This pilot study demonstrated that our education program and evaluation procedures were feasible and acceptable. In six-month recruitment period, the study team engaged multiple community-based organisations in represented areas of Chinese community; the number of recruitment session conducted and number of people recruited were reasonable given the small scale of the present study; the recruitment rate was comparable with other health promotion interventional studies recruiting participants from community settings [36, 37]. However, a limitation of present study was that the number of people approached was hard to estimate at several sites due to combined recruitment strategies. Several culturally relevant components contributed to recruitment, including collaborating with reputable local health promotion organisations, building trusting relationships with community partners, developing resources with community representatives, and employing bilingual fieldworkers from targeting community [37, 38]. Importantly, one challenge identified by fieldworkers was that while health-related education activities were welcomed in the community, people were unwilling to join the study due to confidentiality concerns, and for participants who consented to join, there was also a concern of disclosing personal information such as date of birth, phone number and their GP. A spread in sex, birthplace, preferred language, and years living in Australia was found among participants, however participants recruited were mostly seniors and young adults, suggesting a challenge recruiting middle-aged people with current study procedures, even though recruitment was conducted in sites where different age group could be captured such as immunisation sessions, reading clubs, and study was promoted via social media. While previous studies showed home visits by lay health workers can engage Chinese people of different ages in health promotion activities [39], future planning needs to review the efforts required and the potential effectiveness, as well as exploring strategies for engaging middle aged people and addressing research participation concerns in Chinese community. The follow-up rate of 61% was reasonable when compared with six-month retention rates in previously reported community-based preventative health programs [40, 41].

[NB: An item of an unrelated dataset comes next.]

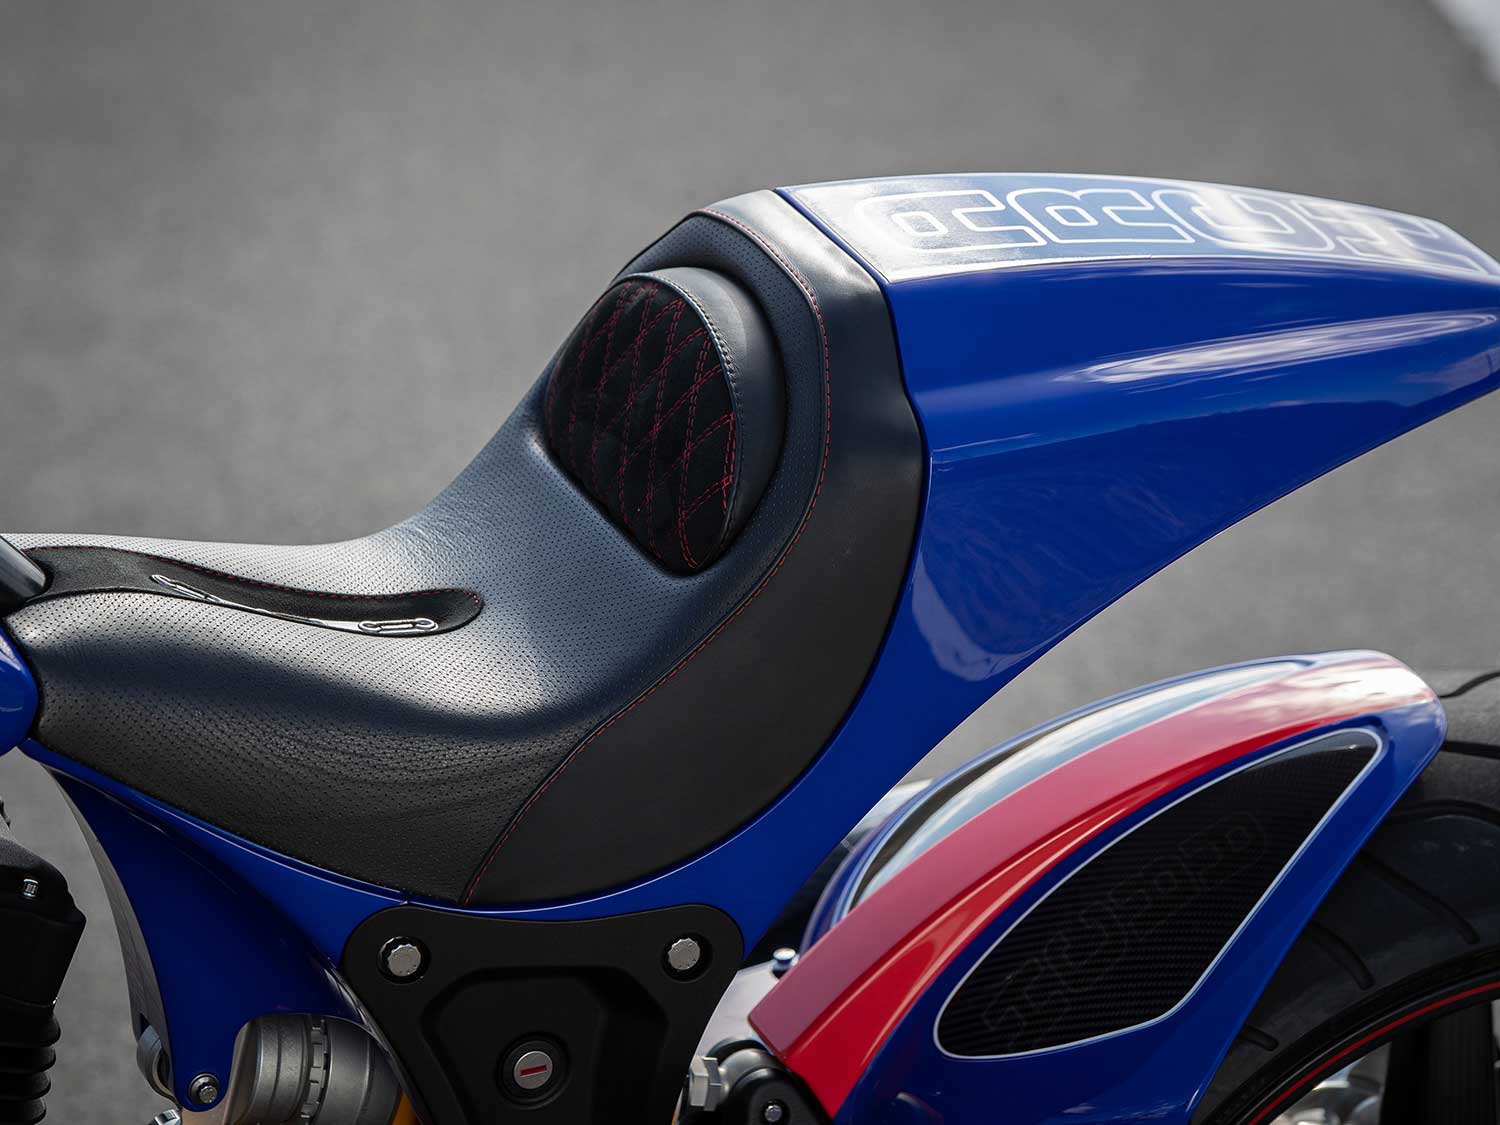 A new seat, new carbon fiber fenders, as well as a redesigned tailsection are meant to improve comfort and contact.

In this study, an improvement in HBV-related knowledge was observed in both groups, especially in relation to understanding routes of transmission, which has been reported to be a main knowledge gap in Chinese community [23, 41,42,43]. Following the education program, 12% of participants were tested, and another 15% of participants requested HBV tests from their doctors or confirmed their vaccination history. The effects of the intervention were comparable with previous community-based HBV-related education programs conducted in the US [36, 39, 41], though effects varied by particular strategy. Two studies reporting lay health worker-led home visit education program targeting Hmong Americans [36] and Chinese Americans and Canadians [39] showed an HBV testing rate of 24 and 15%, respectively. Notably in the study among Hmong Americans, half of those who reported being tested for HBV following an education session also received testing recommendation from their doctor, a factor shown in our study and others to be an important motivator for HBV testing [44]. Our study found higher HBV testing uptake in the liver cancer information arm (17%) compared with the standard information arm (7%). This difference was not statistically significant, and a larger study is required to reliably establish the potential impact of a liver cancer-based education program. While a full-scale randomised controlled study is required to answer which message works better, the present study suggested several barriers in the pathway of using an education program to enable individuals at risk to request a HBV test at their healthcare providers, which need to be addressed in larger planning efforts.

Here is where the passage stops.